Apple registered "Lynx" and "Cougar", but these were allowed to lapse. Apple started using the name of locations in California for subsequent releases: 10.9 Mavericks was named after Mavericks, a popular surfing destination; 10.10 Yosemite was named after Yosemite National Park; 10.11 El Capitan was named for the El Capitan rock formation in Yosemite National Park; 10.12 Sierra was named for the Sierra Nevada mountain range; and 10.13 High Sierra was named for the area around the High Sierra Camps.

In 2016, OS X was renamed to macOS. A few years later, in 2020, with the release of macOS Big Sur, the first component of the version number was incremented from 10 to 11, so Big Sur's initial release's version number was 11.0 instead of 10.16, making the version numbers of macOS behave the way the version numbers of Apple's other operating systems do.
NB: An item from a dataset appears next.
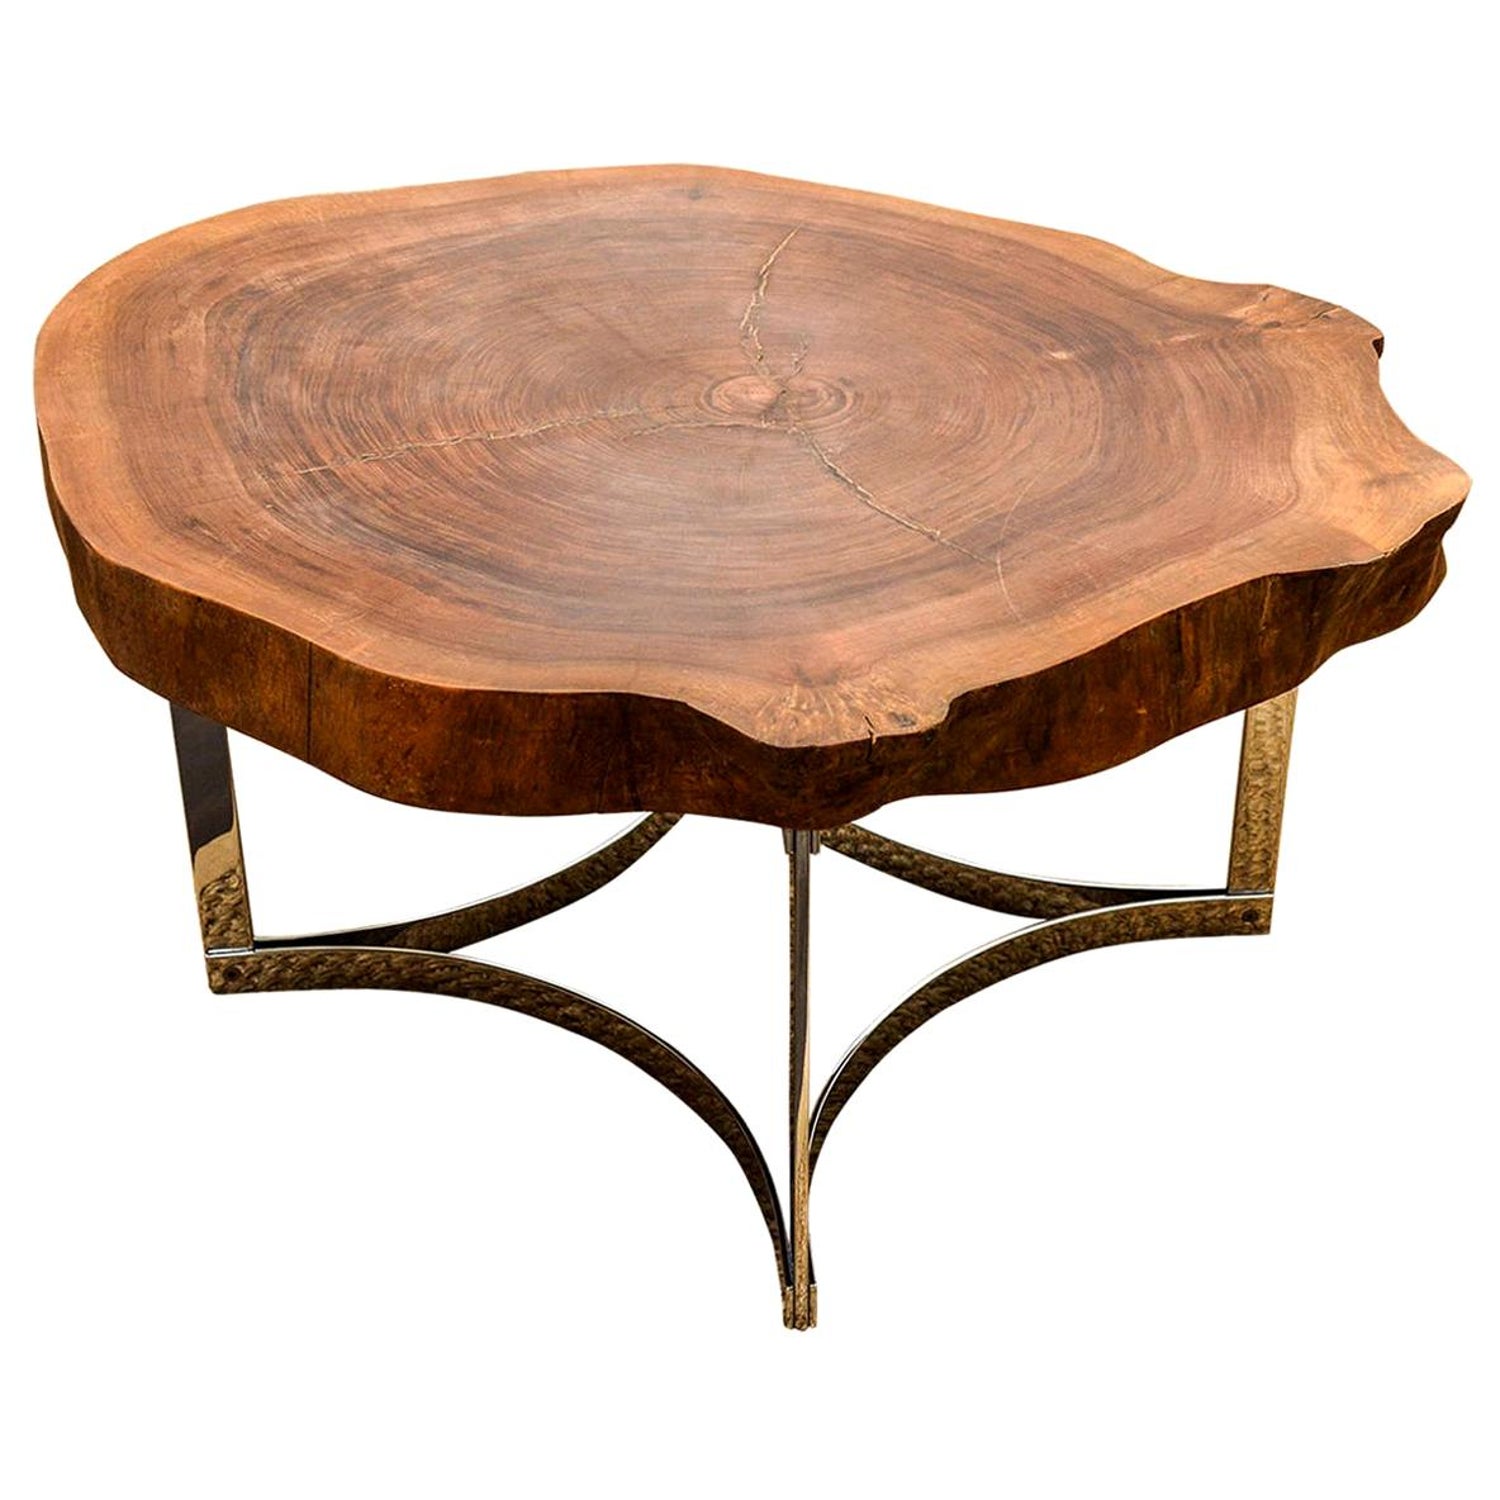 Live Edge Wood Slab Coffee Table On A Modernist Chrome Base By Jean Hubeaux For Sale At 1stdibs

All subsequent major releases also increased the first component of the version number.

===Mac OS X Public Beta===

On September 13, 2000, Apple released a $29.95 "preview" version of Mac OS X (internally codenamed Kodiak) in order to gain feedback from users. It marked the first public availability of the Aqua interface, and Apple made many changes to the UI based on customer feedback. Mac OS X Public Beta expired and ceased to function on May 14, 2001.

===Mac OS X 10.0===
On March 24, 2001, Apple released Mac OS X 10.0 (internally codenamed Cheetah).
The initial version was slow, incomplete, and had very few applications available at the time of its launch, mostly from independent developers. Critics suggested that the operating system was not ready for mainstream adoption, but they recognized the importance of its initial launch as a base to improve upon. Simply releasing Mac OS X was received by the Macintosh community as a great accomplishment, for attempts to completely overhaul the Mac OS had been underway since 1996, and delayed by countless setbacks. Following some bug fixes, kernel panics became much less frequent.

===Mac OS X 10.1===
Mac OS X 10.1 (internally codenamed Puma) was released on September 25, 2001.
It has better performance and provided missing features, such as DVD playback. Apple released 10.1 as a free upgrade CD for 10.0 users. Apple released a upgrade CD for Mac OS 9.

On January 7, 2002, Apple announced that Mac OS X was to be the default operating system for all Macintosh products by the end of that month.

=== Mac OS X 10.2 Jaguar ===
On August 23, 2002,
Apple followed up with Mac OS X 10.2 Jaguar, the first release to use its code name as part of the branding.
It brought great raw performance improvements, a sleeker look, and many powerful user-interface enhancements (over 150, according to Apple
), including Quartz Extreme for compositing graphics directly on an ATI Radeon or Nvidia GeForce2 MX AGP-based video card with at least 16 MB of VRAM, a system-wide repository for contact information in the new Address Book, and an instant messaging client named iChat.
The Happy Mac, which had appeared during the Mac OS startup sequence for almost 18 years, was replaced with a large grey Apple logo with the introduction of Mac OS X 10.2.

=== Mac OS X 10.3 Panther ===
Mac OS X Panther was released on October 24, 2003. In addition to providing much improved performance, it also incorporated the most extensive update yet to the user interface. Panther included as many or more new features as Jaguar had the year before, including an updated Finder, incorporating a brushed-metal interface, Fast user switching, Exposé (Window manager), FileVault, Safari, iChat AV (which added videoconferencing features to iChat), improved Portable Document Format (PDF) rendering and much greater Microsoft Windows interoperability.
Support for some early G3 computers such as the Power Macintosh and PowerBook was discontinued.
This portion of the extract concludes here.